Magnetic anisotropy - easy directions of magnetization

[klopjob]

Homework Statement

We have a very thin plate of single crystalline Ni (fcc). The plane of the plate corresponds to the (001)-plane of the crystal. The crystal has a quadratic shape and is cut so that the edges corresponds to the crystallographic [110]-directions. The shape anisotropy makes the domain magnetization lie in the (001)-plane. The first shape anisotropy constant K₁ is negative. Which are the easy directions of magnetization in the crystal?

The Attempt at a Solution

The key sheet says: Since K₁ is negative, it implies the easy directions are of type [110]. The literature and http://en.wikipedia.org/wiki/Magnetocrystalline_anisotropy" on the other hand clearly says the easy directions are of type [100] for K₁>0 and [111] for K₁<0 if the second anisotropy constant K₂ is assumed to be zero. Then why isn't [111] the easy direction in this case? Is it simply because it doesn't lie in the (001)-plane? How do we go from here to say that the [110] types are the easy direction, is it a coincidence this is the same as the crystal edges? Furthermore, can we really say these are the easy and not 'medium' directions?

 

[mark726]

Thank you for your post. I would like to provide some clarification on the concept of magnetocrystalline anisotropy and its relation to the crystal structure and shape anisotropy.

Magnetocrystalline anisotropy refers to the preferred direction of magnetization in a crystal due to its atomic structure. This anisotropy is dependent on the crystallographic direction and can be described by the first and second shape anisotropy constants, K1 and K2, respectively.

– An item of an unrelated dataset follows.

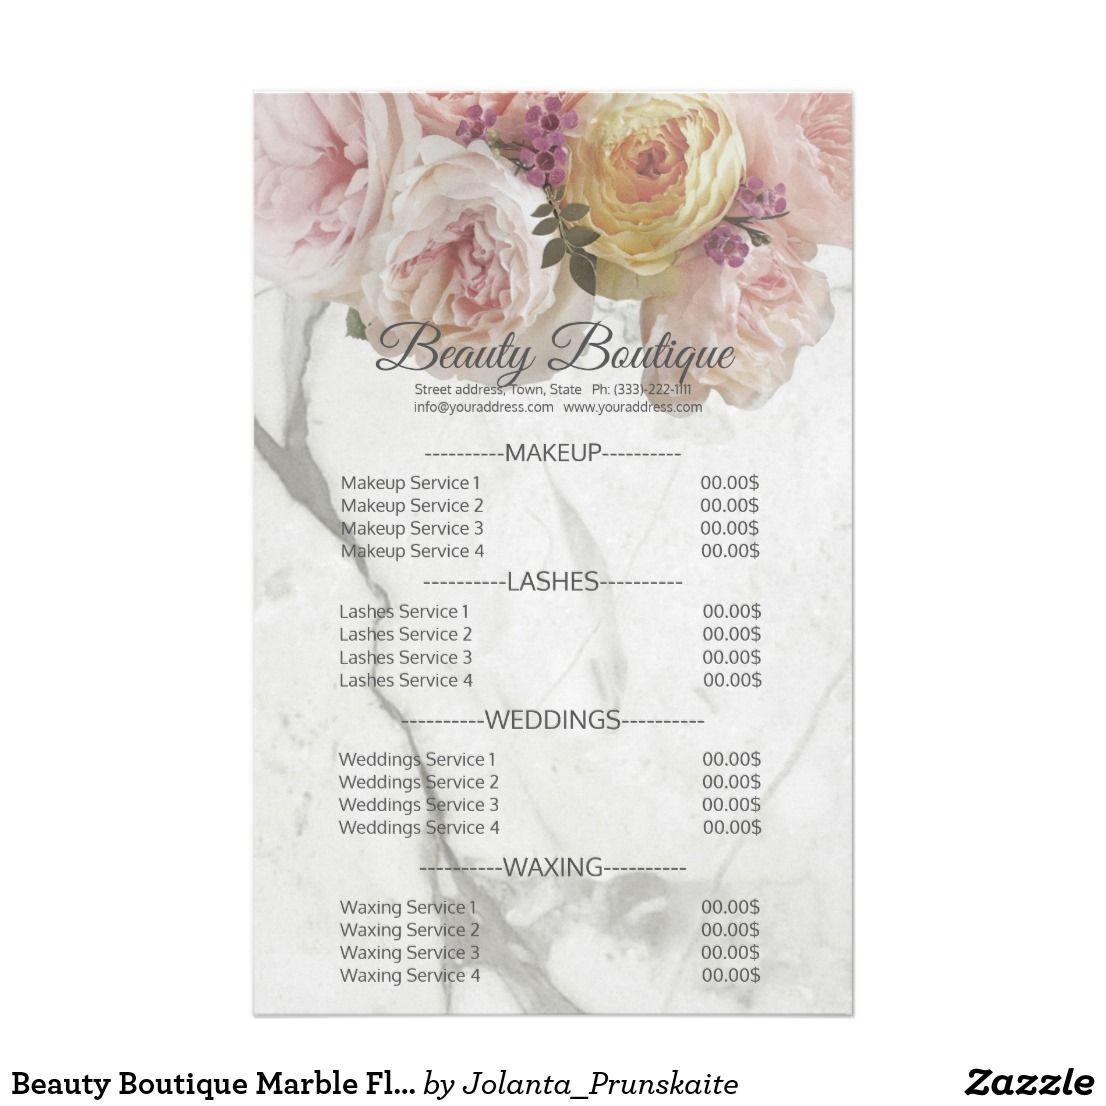 Beauty Boutique Marble Flower Price List Flyer Zazzle Com Beauty Boutique Flyer Waxing Services

In the case of a thin plate of single crystalline Ni with a quadratic shape, the plane of the plate corresponds to the (001)-plane of the crystal. This means that the crystallographic [001]-direction is perpendicular to the plane of the plate. The shape anisotropy, which is dependent on the shape of the crystal, causes the domain magnetization to lie in the (001)-plane.

Now, to determine the easy directions of magnetization in the crystal, we need to consider the sign of the first shape anisotropy constant, K1. As you correctly pointed out, for K1>0, the easy directions are of type [100], and for K1<0, the easy directions are of type [111]. However, in this case, K1 is negative, which means that the easy directions are of type [110]. This is because the [110]-directions lie in the (001)-plane and are also perpendicular to the crystal edges, as stated in the problem.

To answer your question, it is not a coincidence that the [110]-directions are the easy directions in this case. This is because the shape anisotropy, which is dependent on the shape of the crystal, causes the domain magnetization to preferentially align along these directions. And yes, we can say that these are the easy directions and not the medium directions, as the easy directions have the lowest energy state for the magnetization.

I hope this helps clarify the concept of magnetocrystalline anisotropy and its relation to the crystal structure and shape anisotropy. If you have any further questions, please don't hesitate to ask.